What is the rule for IBO hunter class? I have had many people tell me we can run back bars, but upon reading the rule: 



> Only one stabilizer or stabilizer system having a single point of attachment may be used.


Does "stabilizer system" mean a front bar, and a back bar as long as they are part of the same system, or use the same mount? Such as the Bee Stinger Hunter Xtreme type set-up? 

Sights: What about the single pin style sights that you adjust yardage on. I always assumed "fixed pins" meant that you could not move the pins once you enter the course. Again, I have gotten both answers when asking around. 

Most of what I will shoot will be local clubs just for fun. But, I just don't want anyone freaking out if I show up with a back-bar, and sign up for the hunter class. Most people I see on a regular bases are folks that shoot non-competitive "fun" leagues, and they do not travel around and shoot 3d courses. So it does not surprise me to get different answers. 

Thanks.


----------



## Kstigall (Feb 24, 2004)

The rule is on page 12: http://www.ibo.net/2017 Rules/2017 IBO RULES.pdf


----------



## nochance (Nov 27, 2008)

Read all the rules at the link Kstigall posted, don't rely on what this guy said or that guy. You'd be surprised at what some people think are the rules.


----------



## jimb2 (Aug 27, 2016)

don't shoot IBO hunter class, but people who do use back bars


----------



## jimb2 (Aug 27, 2016)

for IBO if you have the adjustable single pin it can not be moved after shooting starts.

the stabilizers, if you use a back bar it must attach at the same spot as the front stabilizer and they must stay within a 12 inch circle from the point of attachment. which really a back bar can be longer than 12 inches if it points down and don't extend past the circle. there is a diagram in the IBO rules at IBO.net


----------



## TimberGhost74 (Nov 22, 2016)

Thanks. Exactly what I was looking for, a clarification. 



jimb2 said:


> for IBO if you have the adjustable single pin it can not be moved after shooting starts.
> 
> the stabilizers, if you use a back bar it must attach at the same spot as the front stabilizer and they must stay within a 12 inch circle from the point of attachment. which really a back bar can be longer than 12 inches if it points down and don't extend past the circle. there is a diagram in the IBO rules at IBO.net


----------



## tprody (Feb 28, 2010)

A back bar can't be longer than 12' even if it points down.
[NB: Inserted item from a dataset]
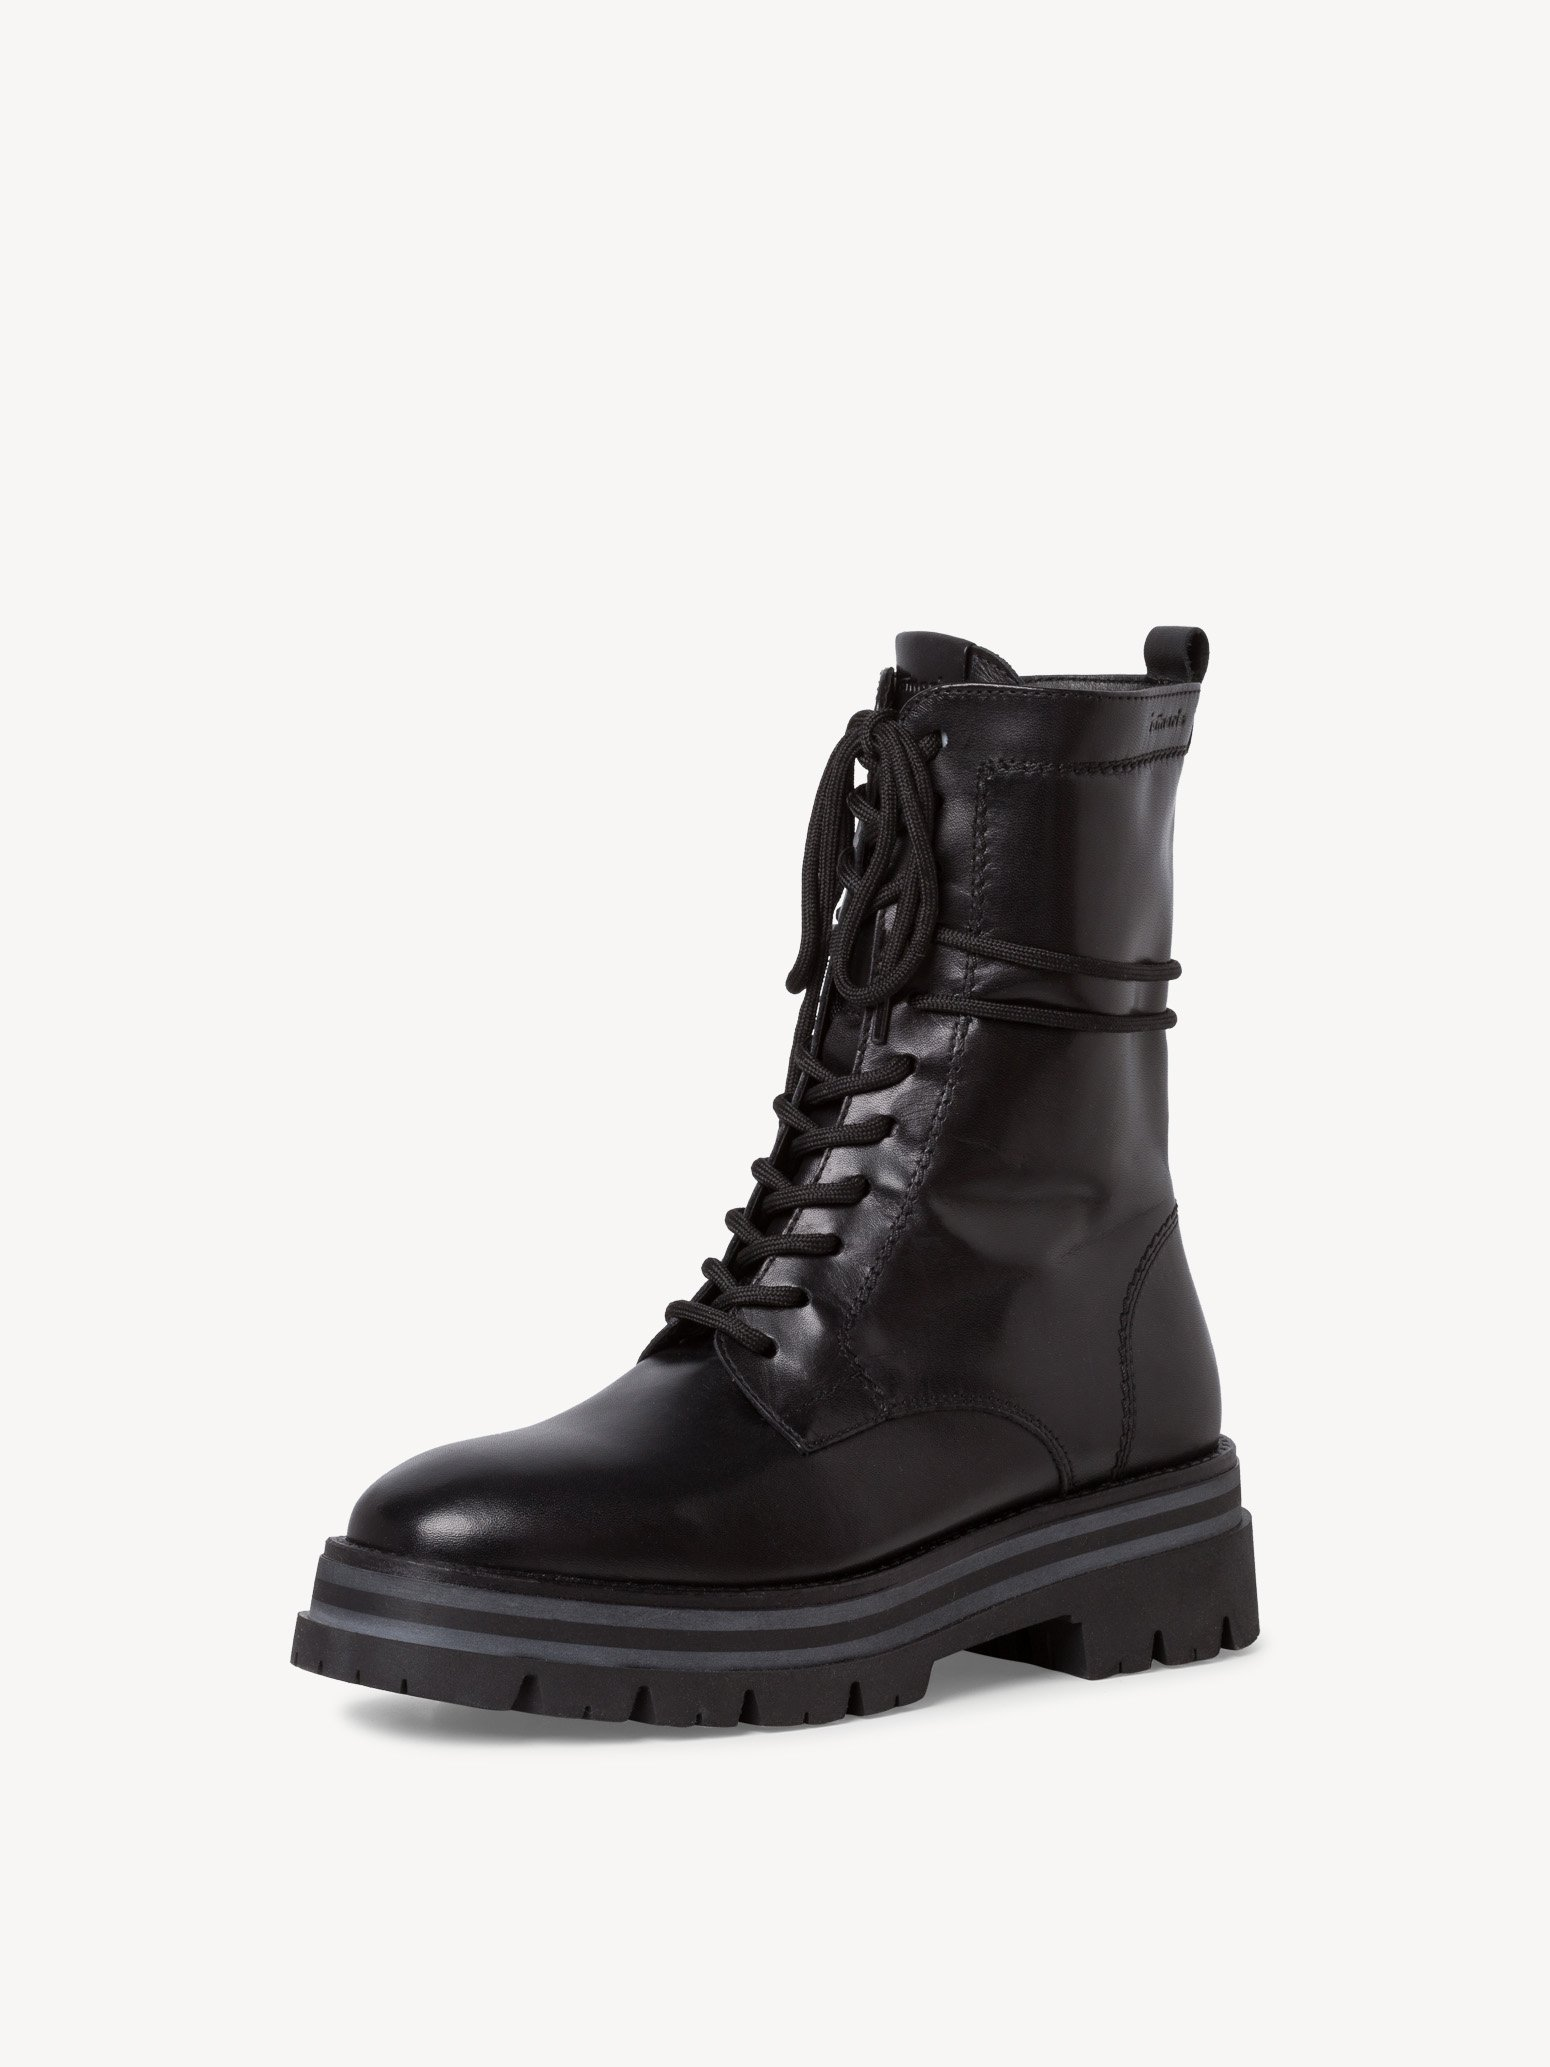 Ботинки Tamaris 1-1-25265-27-001

Take a 12' piece of string and hold it where your bow attaches to the stabilizer if the stabilizer extends past the string its not legal. With a B-Stinger system you can't use more than a 10' stabilizer to be legal. with a 12' stabilizer there is not room to add weights.


----------



## wannaBelkhuntin (Jul 3, 2006)

This is my Doinker Unity Hunter set up. http://www.eaglearchery.com/item-group.asp?cID=74&pgpID=2585
I shoot IBO Senior Hunter class, all the rules are the same as Hunter Class


----------